Source: vogue.co.uk
I have lost count of the number of times I have heard women around me say “I don’t want to put hormones in my body if I can help it” when talking about contraception or trying to manage heavy periods, PMS or conditions like PCOS or endometriosis. But where does this fear come from?
Yes, there are many known side-effects to hormonal treatments (weight gain, skin problems, mood disturbance, gut issues) like the pill, and it can make some women feel awful. Others won’t feel anything. We also know that, because options are limited when it comes to women’s health (thanks to a systematic lack of funding for research), doctors often put women on hormonal medication in a leap of faith, hoping it will help. However, no two bodies will ever react in exactly the same way. It is important we remember that hormonal contraceptives can also be a godsend for some women – particularly as the wellness industry continues to expand and decry “traditional” medical intervention, a narrative that, if bought into, could potentially stop women finding relief.

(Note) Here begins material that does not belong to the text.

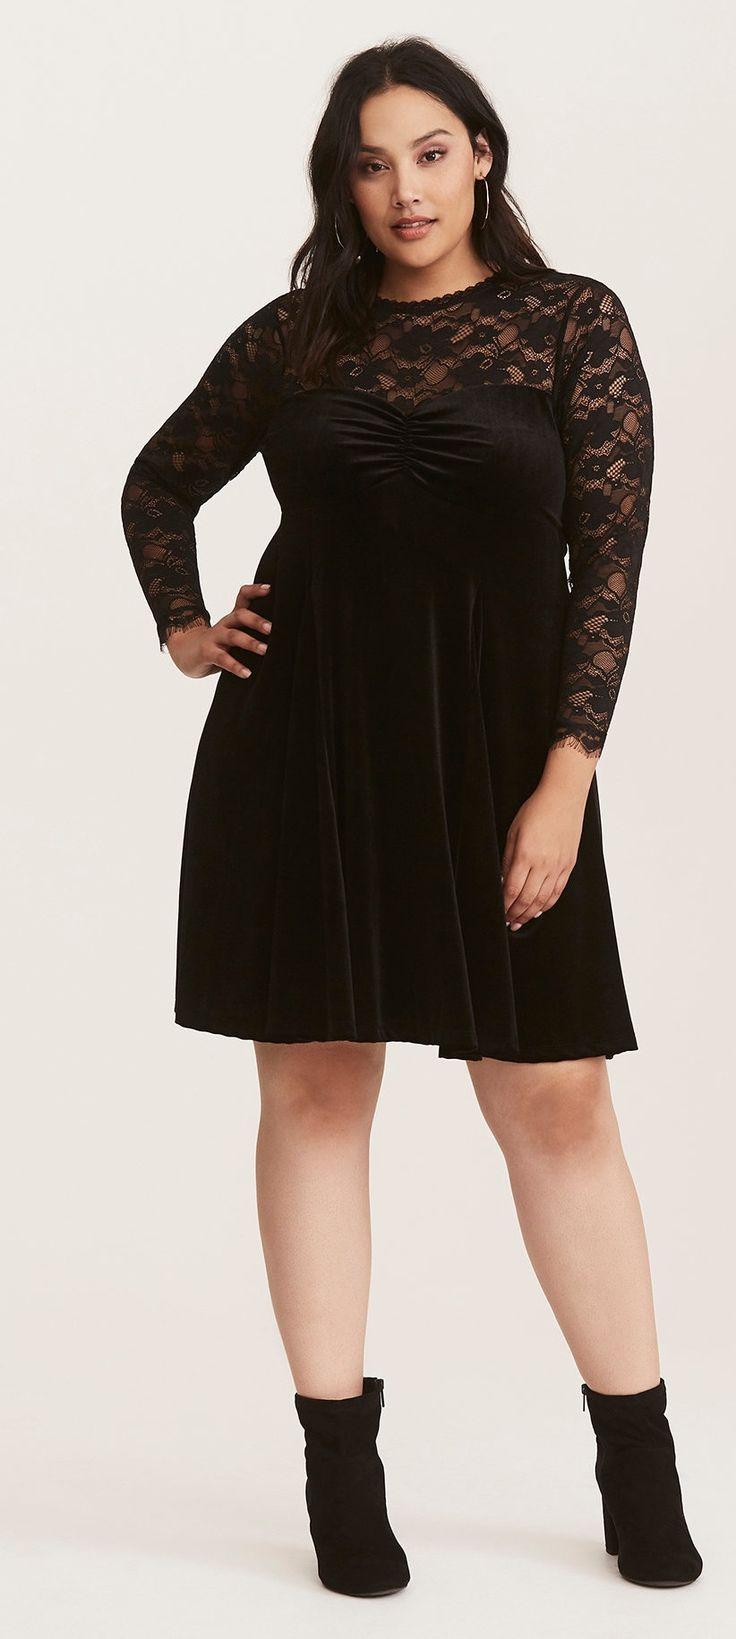 Plus Size Velvet & Lace Dress - Plus Size Holiday Party Dress - Plus Size Cocktail Dress #plussize

I am about to try the combined pill again for the first time since I was 19, in an attempt to control cyclical pain (among other delightful symptoms) that is finally, after 12 years, being tentatively diagnosed as endometriosis – a condition for which the contraceptive pill is a first-line treatment option. I have tried all manner of hormonal interventions in the past – the Mirena coil, the mini-pill, oestrogen gel – in an attempt to control pain and psychological discomfort. I didn’t get on with any of them, but I strongly suspect that my subconscious aversion to taking anything “hormonal” had something to do with how I contemplated the experience. At this point I am willing to try what a kind, experienced gynaecologist suggests, because the pain gives me no other option.As Alexa Chung Shares Her Diagnosis, Here’s Everything You Need To Know About Endometriosis
The pervasive idea – that I bought into for some time – that our bodies should be as “pure” and “drug free” as possible is dangerous. In fact, I think it is one of the worst societal subtexts that pits women against each other. The common idea that there is nobility in being the woman who doesn’t need drugs; who’s had hardly any medical intervention; was the champion who gave birth drug-less, carries potential harm. The thought of there being women suffering with spirit-curdling pain each month and being dead-against taking a medication that might help because it isn’t “right” or “natural”, makes me very sad indeed.
The contraceptive pill is recommended by NICE as a treatment because it continues to have a good evidence base. Again, some women tolerate it better than others. Due to the huge differences in physiology from one woman to the next, we don’t know whether it will work for us until we try it. But trying what’s available to us is precisely what we should be encouraging women who are suffering to do – just as we should be encouraging basic diet and lifestyle changes. (Smokers have an increased risk of having bad period pain, for example.) If we are in pain and are well-informed about our options, nothing that has an evidence base should be off the table.
The language around this fear of hormones really interests me. We often reject the notion of putting “hormones” – the word imbued with a certain dirtiness – into our bodies… as if hormones aren’t what keep us alive. Perhaps it’s the idea of foreign agents – synthetic versions of what we naturally have that supposedly make us fat, mad and sad sometimes. But this growing fetishisation of “natural” – keeping our bodies as “clean” and pure as possible – has capitalised on our fears and been marketed to us as an ideal to make money from us.
There has been a powerful shift in the way women conceptualise and treat their health. According to figures from the Global Wellness Institute, the global wellness industry grew 10.6 per cent from 2013 to 2015: from $3.36 trillion to a $3.72 trillion market. It is easy (and sensible) to scoff at anyone in the wellness industry making dubious, cure-all claims, but we need to think about why these claims have so much power.
As many have argued, women in the Western world have created their own alternative healthcare system in clear response to being routinely dehumanised and dismissed by the medical establishment. Only, promises from wellness “practitioners” often have foundations of sand. “Clean” is a particularly pernicious term, for example, because while regulatory bodies have started to watch companies using “natural” as a marketing tool much more closely, “clean” is far more nebulous, less open to challenge.
There is no value in living in pain, no virtue in suffering. If we are encouraging women to be open about the realities of inhabiting their bodies, let’s encourage them to be properly informed, ask more questions from caregivers about what might help, and do away with this bogus idea of “purity”. A woman should be able to take whatever she has found gives her some peace of mind and body without feeling guilty.